Freesolve’s U.S. investigational device exemption (IDE) study and other international studies are in the preparation phase, the company said.

该公司表示，Freesolve的美国研究设备豁免（IDE）研究和其他国际研究正处于准备阶段。

“The BIOMAG-II study marks an exciting pivot point in how we treat patients with coronary artery disease, aiming to highlight the safety and effectiveness of our Freesolve resorbable magnesium scaffold. With solid clinical evidence at our core, we're dedicated to introducing innovative solutions that truly make a difference and enable patients to live an implant-free future,” said Prof.

“BIOMAG-II研究标志着我们如何治疗冠状动脉疾病患者的一个令人兴奋的支点，旨在强调我们的Freesolve可再吸收镁支架的安全性和有效性。我们的核心是坚实的临床证据，我们致力于引入创新解决方案，真正发挥作用，使患者能够过上无植入物的未来，”教授说。
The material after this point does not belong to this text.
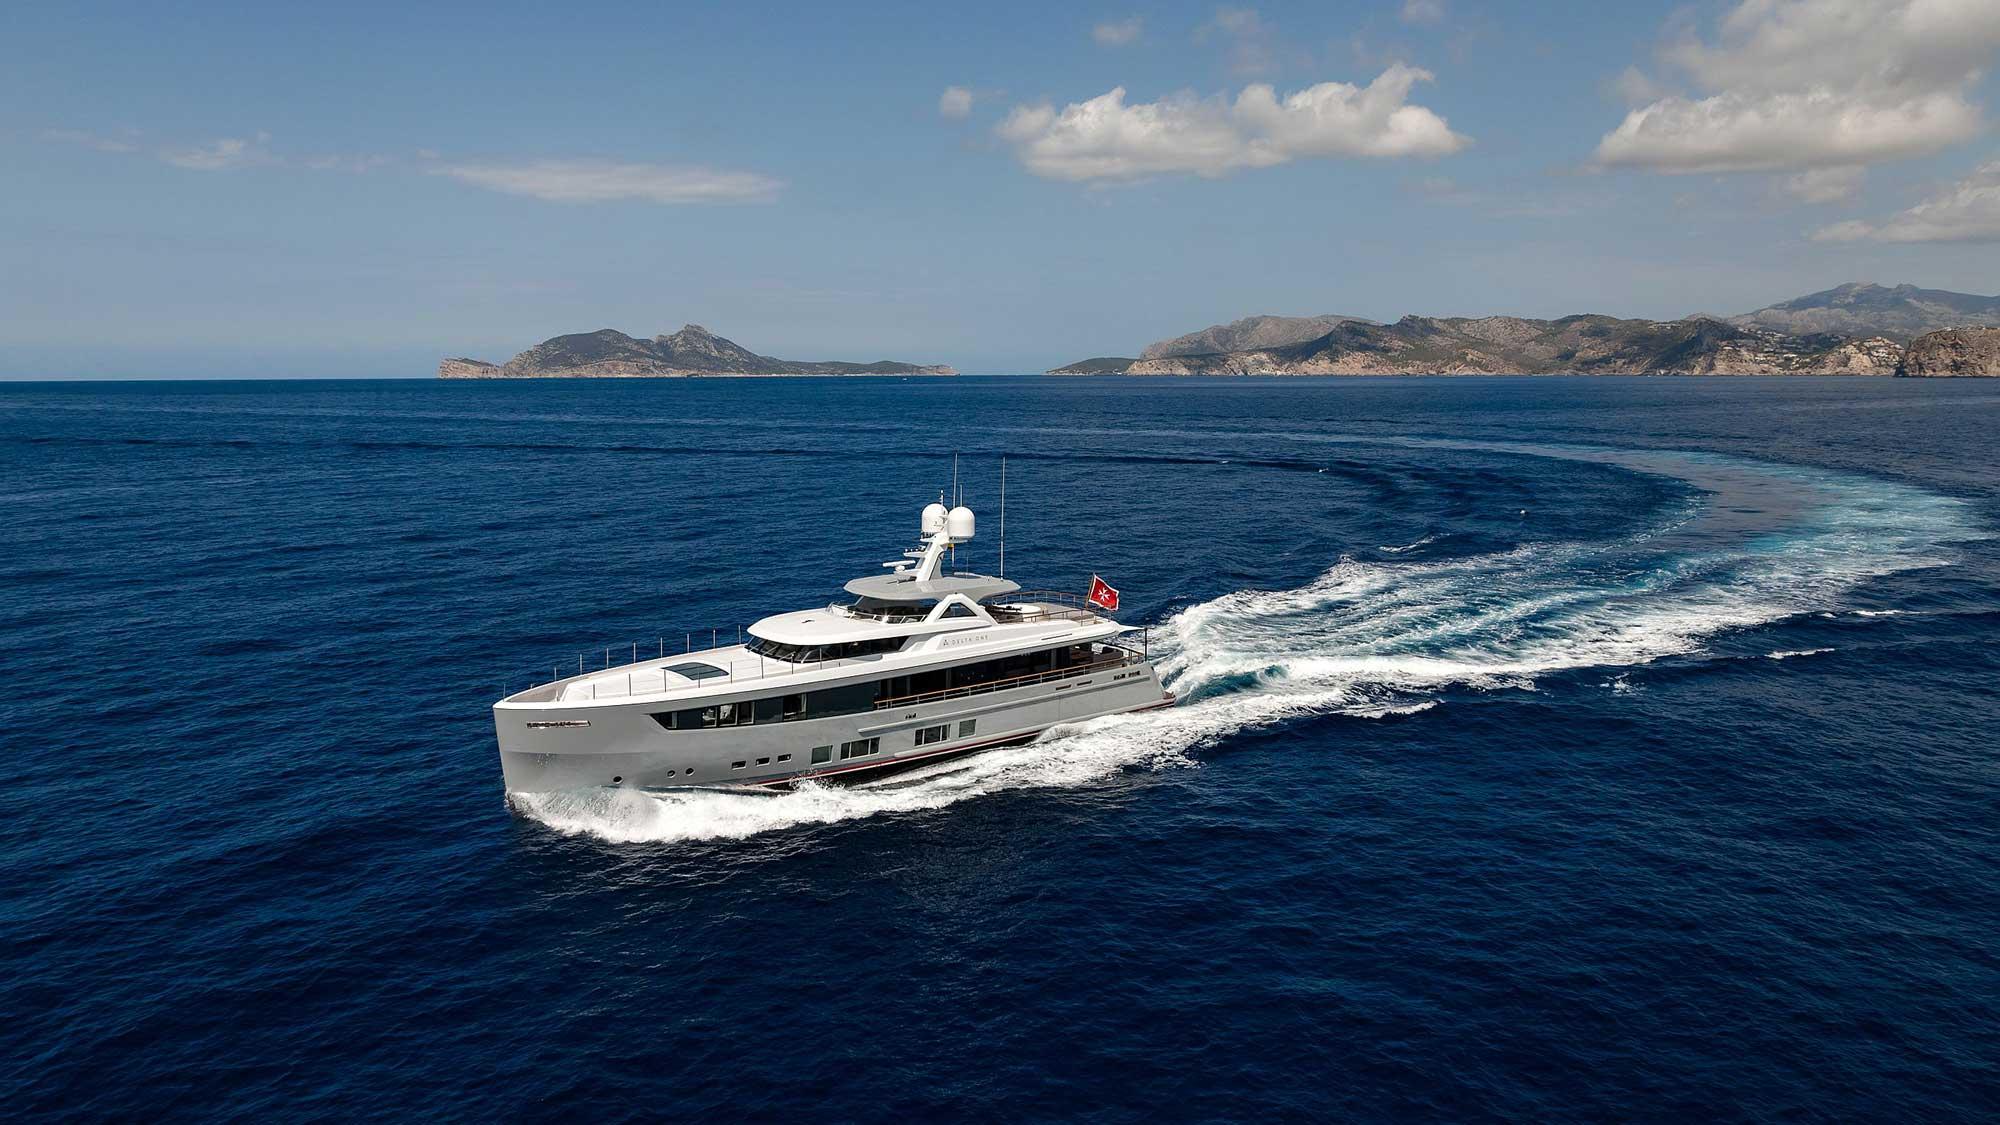 DELTA ONE Yacht Charter Details Mulder Yachts

Dr. Georg Nollert, VP medical affairs, Vascular Intervention at Biotronik..

Biotronik血管介入医学事务副总裁Georg Nollert博士。。

Earlier this year, the company earned U.S. Food and Drug Administration (FDA) breakthrough status for Freesolve’s use below-the-knee (BTK).

今年早些时候，该公司因Freesolve膝下使用（BTK）获得美国食品和药物管理局（FDA）突破性地位。